Hi, running through the tutorial for ATAC-seq analysis and I’m on the final step to plot the pyGenomeTracks. I’m running into an error for that tool, but I can’t seem to understand why.
Here’s the link to the tutorial: https://training.galaxyproject.org/training-material/topics/epigenetics/tutorials/atac-seq/tutorial.html
And my history: https://usegalaxy.org/u/edwin5588/h/atac-seq-try-5
I’m sure I have matching parameters for PyGenomeTracks to the tutorial. Can I get some guidance on what I got wrong?
Thanks for sharing those details, definitely helps!

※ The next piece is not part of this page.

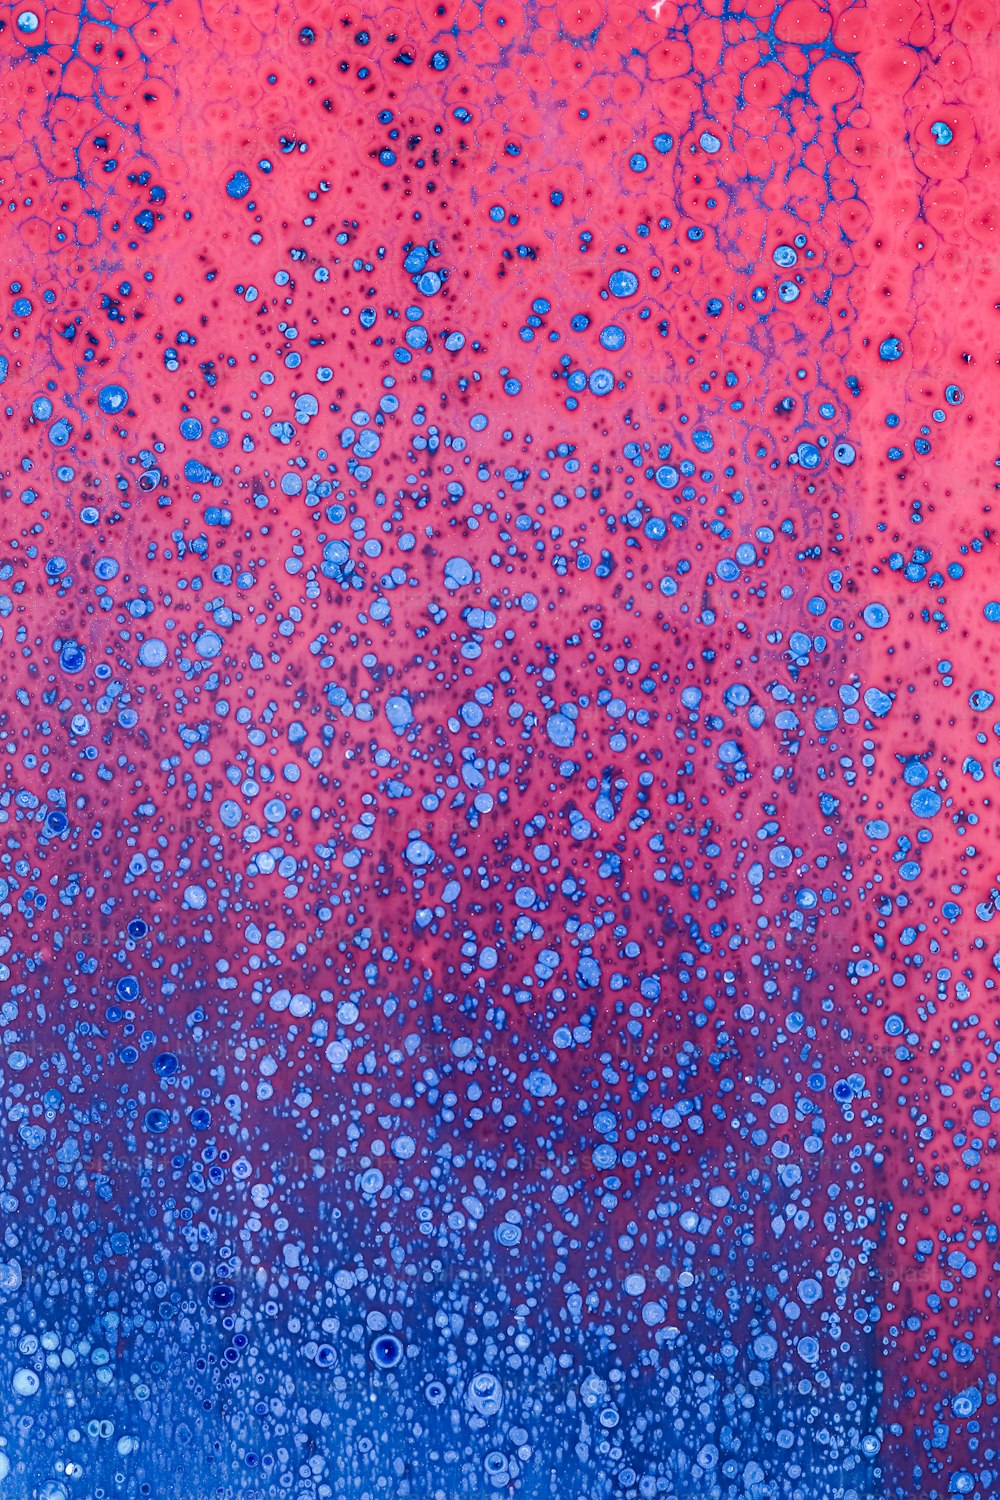 a red and blue background with drops of water

This is the error message. It suggests that the input file being processed at that step (reference peak file) didn’t contain what was expected.

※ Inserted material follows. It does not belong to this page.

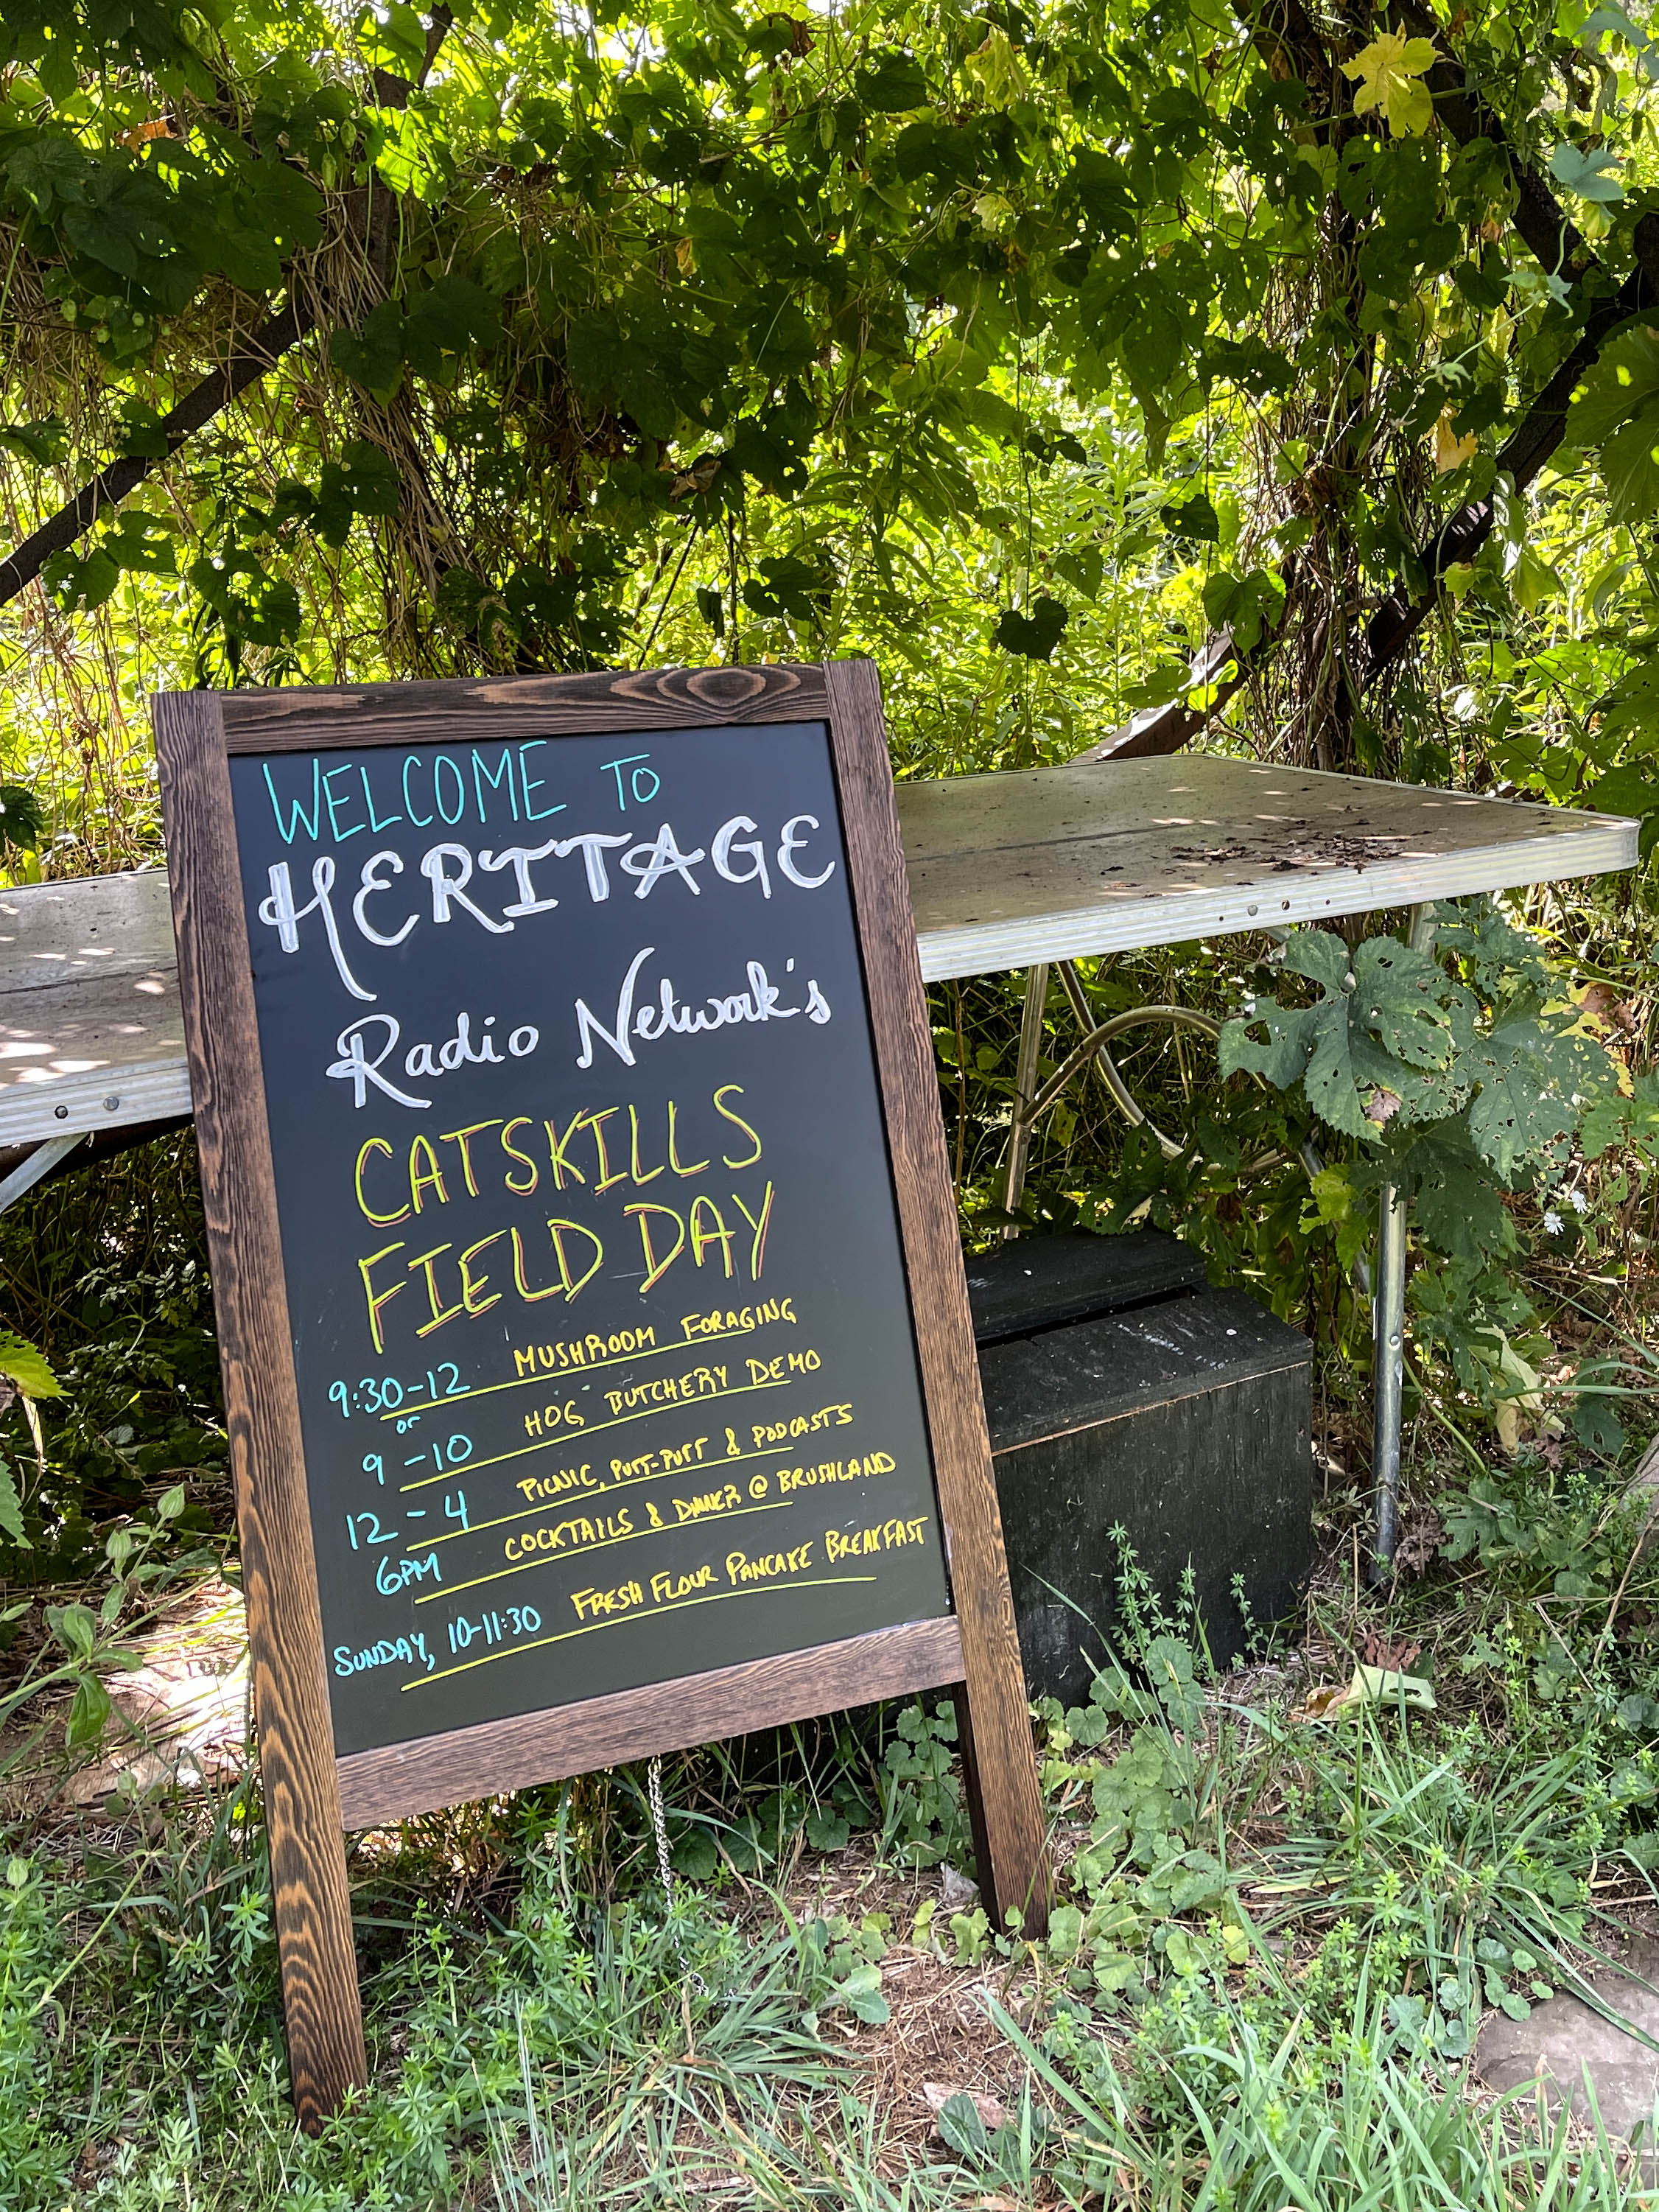 A board with the schedule for Heritage Radio Network's Catskills Field Day

SO, then I reviewed your data versus the tutorial, and noticed that your file had a different datatype assigned. Datatypes are special in Galaxy and not just labels – these “tell” a tool what the data content represents. Try adjusting to match the tutorial, then a rerun.
To see all of this yourself, click into the “i” icon for a dataset. This is where the inputs and parameters are listed out in a table plus all of the job logs.
Tutorial step screenshot
Your data for the failed job, as it was used by the tool (converted to “bed”)
4. You data for this failed job in the original state in the history (“interval” format). Interval is a very generic file type (on purpose!). Using the more specific “encodepeak” datatype informs the tool about some extra columns, so they don’t get dropped during minor format conversions.
So – why does Galaxy convert formats??
Because Galaxy hosts all sorts of tool written by different people, connecting data between these is not so easy (and why labs tend to have dedicated bioinformatics people!).
Galaxy attempts to smooth that out by providing strict specifications for each “datatype” . Converting to similar but different formats is needed sometimes. It depends on what that tool is expecting to work with.
That is mostly what the “Galaxy” wrapper around underlying 3rd party tools is doing – aiding with the flow of data between tools. But, it isn’t perfect of course! If you get an error, just back up from the start and walk through the input steps to spot where things went wrong. Everyone has to learn what files should “look” like. Training your eye to notice these tiny details, along with some quick data manipulations to make tools happy, comes with experience. The GTN tutorials can help with that. Later on when you are using workflows, you can tune up your workflow to do what is needed for these pickier tools.